Abeer Ismail, an UNRWA spokesperson, told Mondoweiss that the agency’s services in Jerusalem “serve the Palestinian population at large, and not only refugees.”

“Our schools and medical centers serve some 70,000 people, which makes UNRWA a main sustainer of the Palestinian presence in the city,” Ismail said. “And shutting down the work of UNRWA in Jerusalem will have an impact on the capacity of Palestinians to remain in the city.”

“Following the ban, all our international staff left the city and the country altogether,” Ismail added. “We are left with the local Palestinian workers, who are subject to possible arrest by Israel or persecution at any moment. In fact, when the Israeli police forced the shutdown of the schools in Jerusalem last week, they arrested our camp director in Shu’fat, Fathi Saleh, for not having complied with the previous order to shut them down. He was released hours later on bail.”

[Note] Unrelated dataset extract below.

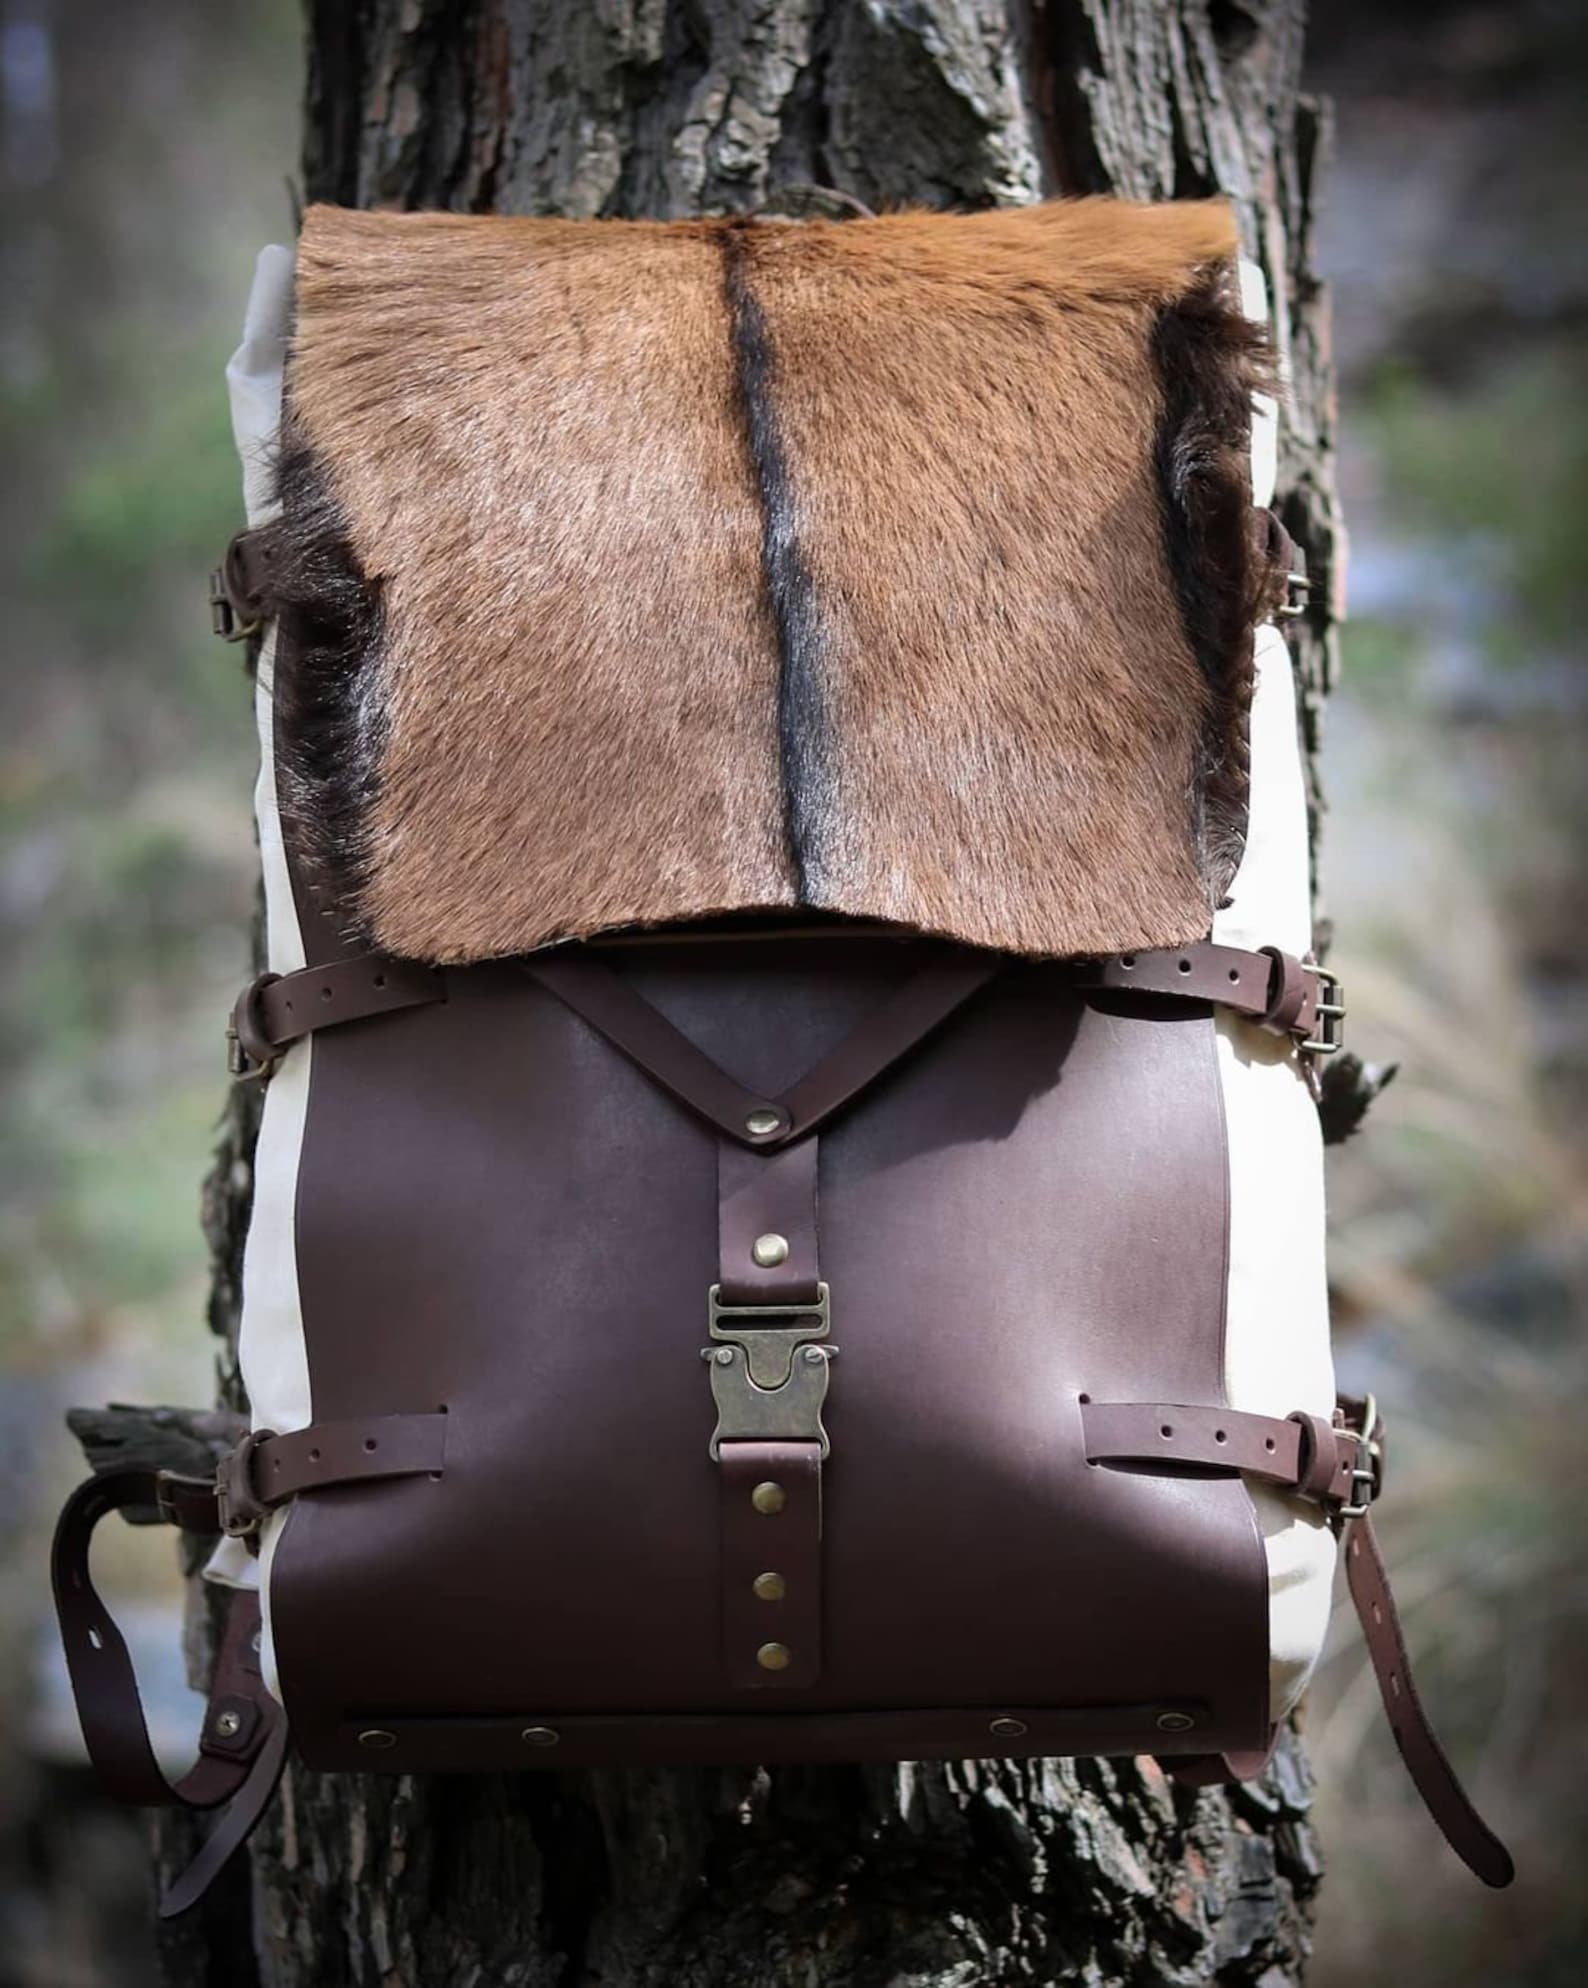 Goat Fur , Canvas and Leather Bag | Bushcraft | Camping | Outdoor | Hiking | Handmade Backpack l  | 30,40,50 Litres option bushcraft - camping - hiking backpack 99percenthandmade

The campaign against the UN agency takes on special significance in Jerusalem, Ismail said, given the political and historic significance of the city as home to UNRWA’s first headquarters. “The fact that its headquarters were in Jerusalem for over 70 years makes the closure of its institutions in the city even more symbolic.”

“We are neither optimistic nor pessimistic about the future,” Abeer Ismail affirmed. “Our mandate is to continue our work until Palestinians can exercise their right to return. Independent of these conditions, we will continue to fulfill our mandate.”